Debugging Deep Learning Models¶
Scenario: Training Loss Won't Decrease¶
You've set up a ResNet for pneumonia detection, but after 20 epochs the training loss stays at 0.693 (random chance for binary classification). Something is broken—learn systematic debugging to find whether it's the data pipeline, model architecture, optimizer settings, or loss function.
Learning Objectives¶
By the end of this module (30-40 minutes), you should be able to: - Diagnose why training isn't working using systematic checks. - Test if a model can overfit a single batch (sanity check). - Inspect gradient flow to catch vanishing/exploding gradients. - Verify data pipeline correctness (shapes, labels, normalization). - Use visualization tools to debug activations and weights.
Prerequisites: Basic PyTorch training loops, understanding of backpropagation. Difficulty: Intermediate.
What This Is¶
Debugging deep learning is different from debugging traditional code. The model might "run" without errors but fail to learn. This topic teaches a systematic workflow for diagnosing training failures before you waste time on architecture changes or hyperparameter sweeps.
The key insight: most training failures come from a few common mistakes, and checking them in order saves hours.
When You Use It¶
- training loss doesn't decrease
- validation accuracy stays near random chance
- loss explodes or becomes NaN
- model trains on simple tasks but fails on real data
- gradient norms are suspiciously small or large
The Debugging Ladder¶
Follow this sequence when training fails:
1. Overfit a Single Batch (The Sanity Check)¶
If your model can't memorize one batch, the architecture or loss function is broken.

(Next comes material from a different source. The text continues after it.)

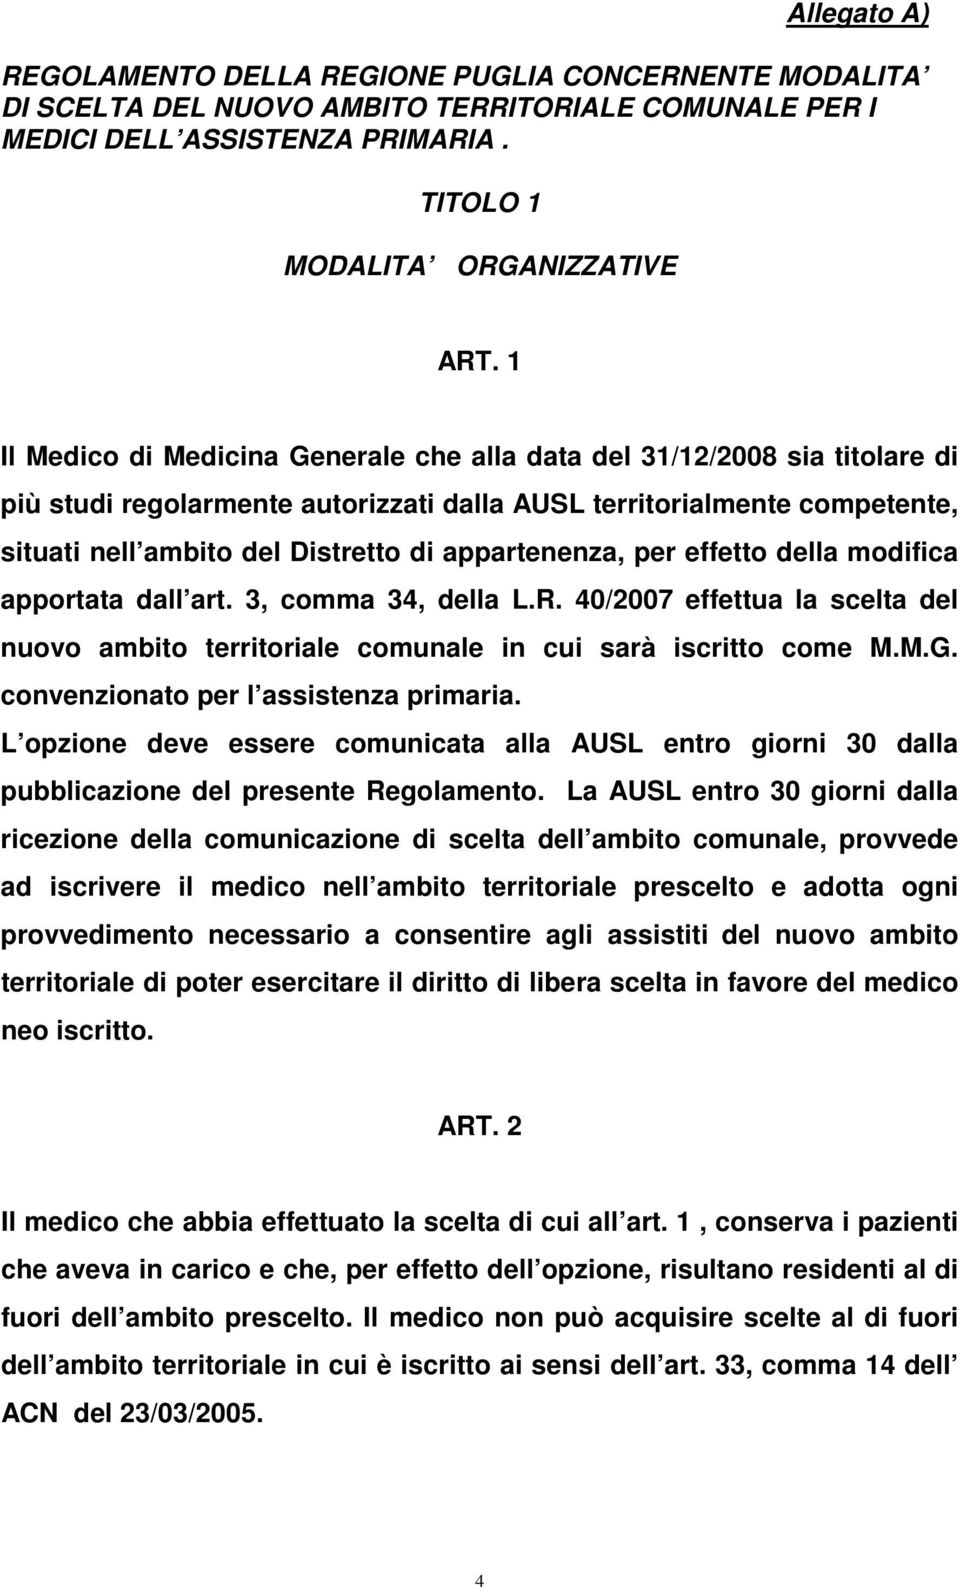 appartenenza, per effetto della modifica apportata dall art. 3, comma 34, della L.R. 40/2007 effettua la scelta del nuovo ambito territoriale comunale in cui sarà iscritto come M.M.G.

# Take one batch and try to get perfect loss
model.train()
inputs, labels = next(iter(train_loader))
optimizer = torch.optim.Adam(model.parameters(), lr=1e-3)
for i in range(200):
optimizer.zero_grad()
outputs = model(inputs)
loss = criterion(outputs, labels)
loss.backward()
optimizer.step()
if i % 20 == 0:
print(f"Step {i}: Loss = {loss.item():.4f}")
# Loss should drop to near zero
# If not: check model architecture, loss function, or data shapes
What to expect: Loss should drop close to zero within 100-200 steps.
If it doesn't:
- Check that outputs and labels have compatible shapes
- Verify the loss function matches the task (e.g., CrossEntropyLoss for classification)
- Inspect if the model has enough capacity (at least a few layers)
2. Check Gradient Flow¶
Gradients should flow backward through all layers. If they vanish or explode, learning fails.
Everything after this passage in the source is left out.